The European Commission has been reviewing the three watchdogs it launched in 2011 to make supervision of banks, markets and insurers more consistent across its 28 member countries. The European Securities and Markets Authority (ESMA), the European Banking Authority (EBA) and the European Insurance and Occupational Pensions Authority (EIOPA) currently receive 60 % of their funding from national supervisors and 40 % from the central EU budget. "Given EU and national budgetary constraints, the Commission considers that a revision of the existing funding model should therefore be envisaged, ideally abolishing EU and national contributions," a draft European Commission report said.

Staffing and budgets of the three watchdogs are modest compared with regulators in the larger member states, such as Britain's Financial Conduct Authority whose annual budget is 452 million pounds ($768.8 million). The EBA's budget for 2014 is only 33.6 million euros ($45.7 million).
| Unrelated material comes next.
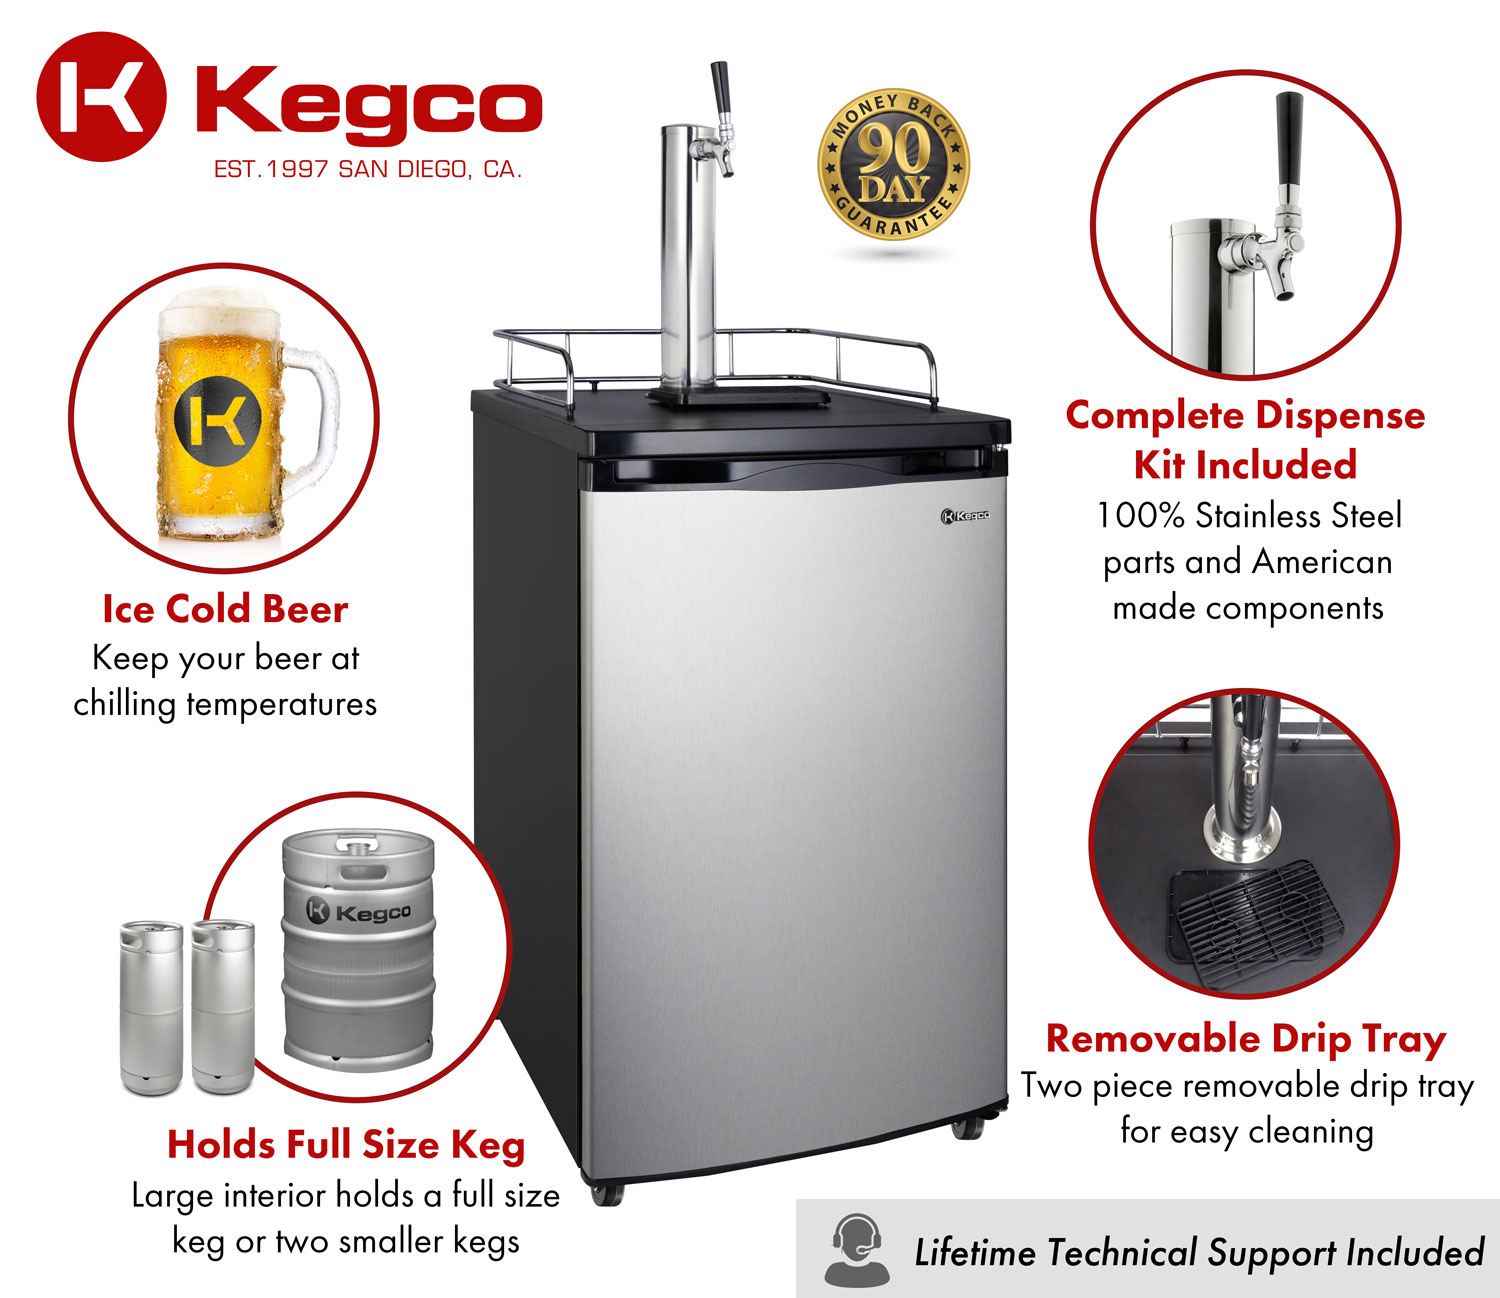 All stainless contact single tap dispense system includes tower, regulator, keg coupler, and CO2 tank
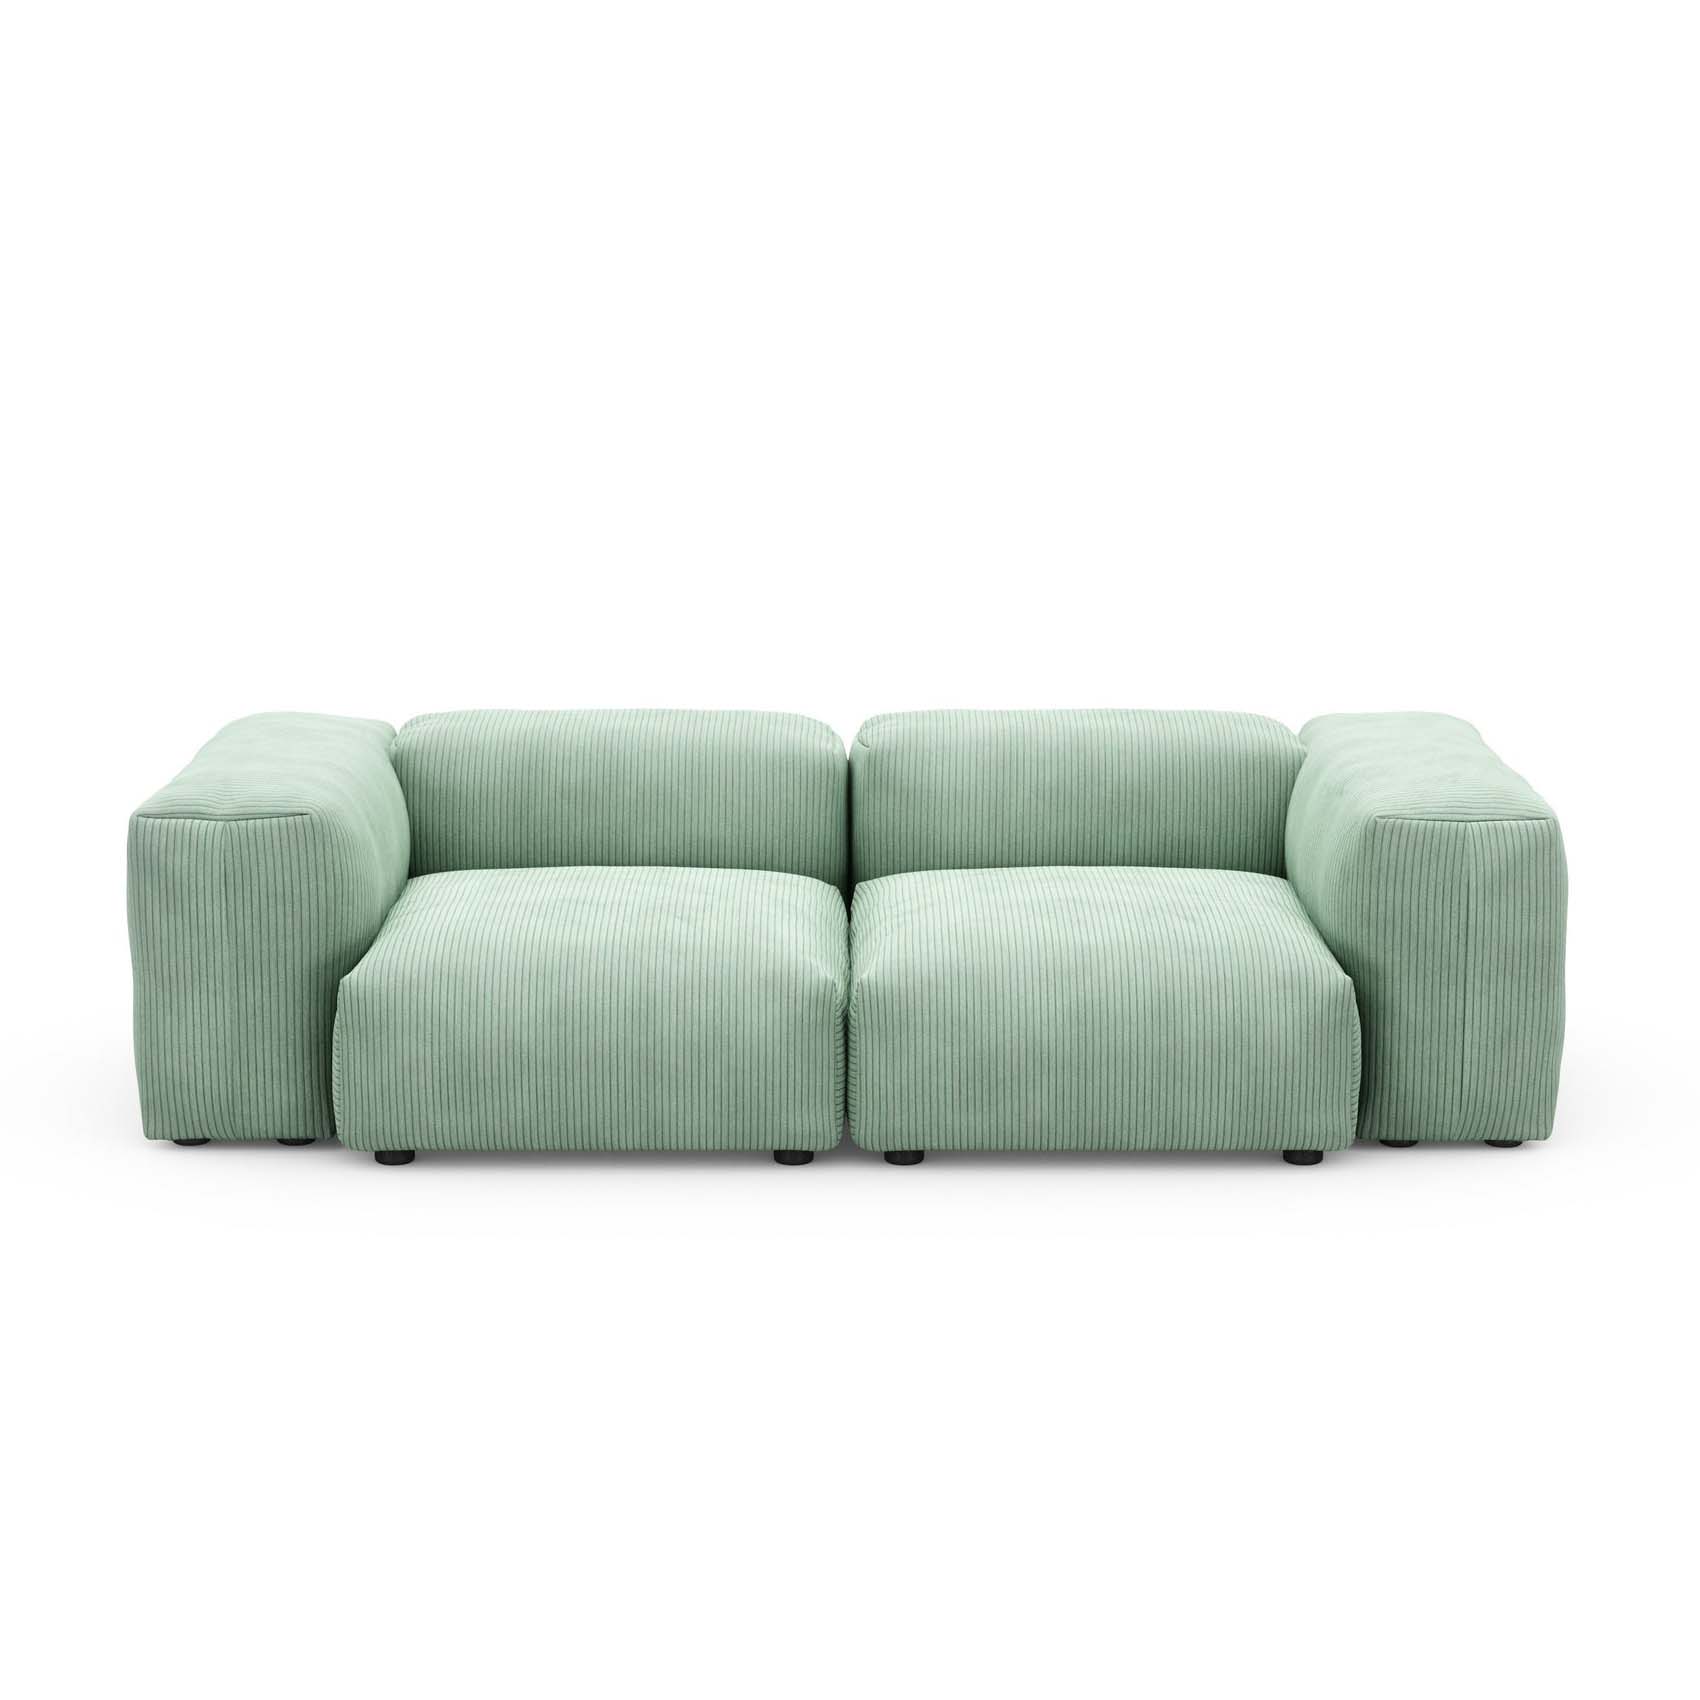 Two Seat Sofa S Cord Velours Duck Egg

The welter of EU rules approved to tighten supervision after the financial crisis, such as for derivatives, and bank and insurance capital, means the watchdogs will be taking on more responsibilities and will need extra staff and money.

The report did not give any indication of how much the tax on banks and insurers might be, but any levy would likely be applied in direct proportion to how much supervision an institution requires. Euro zone banks will also have to foot the bill for the European Central Bank's new supervisory arm. Banks under its watch will each be asked to contribute up to 15 million euros annually to help cover costs that are set to hit 260 billion euros next year. Member states could welcome the shift to industry-funded watchdogs - a common system of financing supervision.

It said potential new areas include enforcing accounting rules, supervising the "shadow banking" sector, settlement houses, market benchmarks, and clearing houses, a step Britain is likely to oppose as it seeks to draw a line on more powers being centralised at the EU level. Governance of the watchdogs could be improved further to make decision making faster in the interests of the EU as a whole, the report said, in a nod to British concerns to safeguard the bloc's single market.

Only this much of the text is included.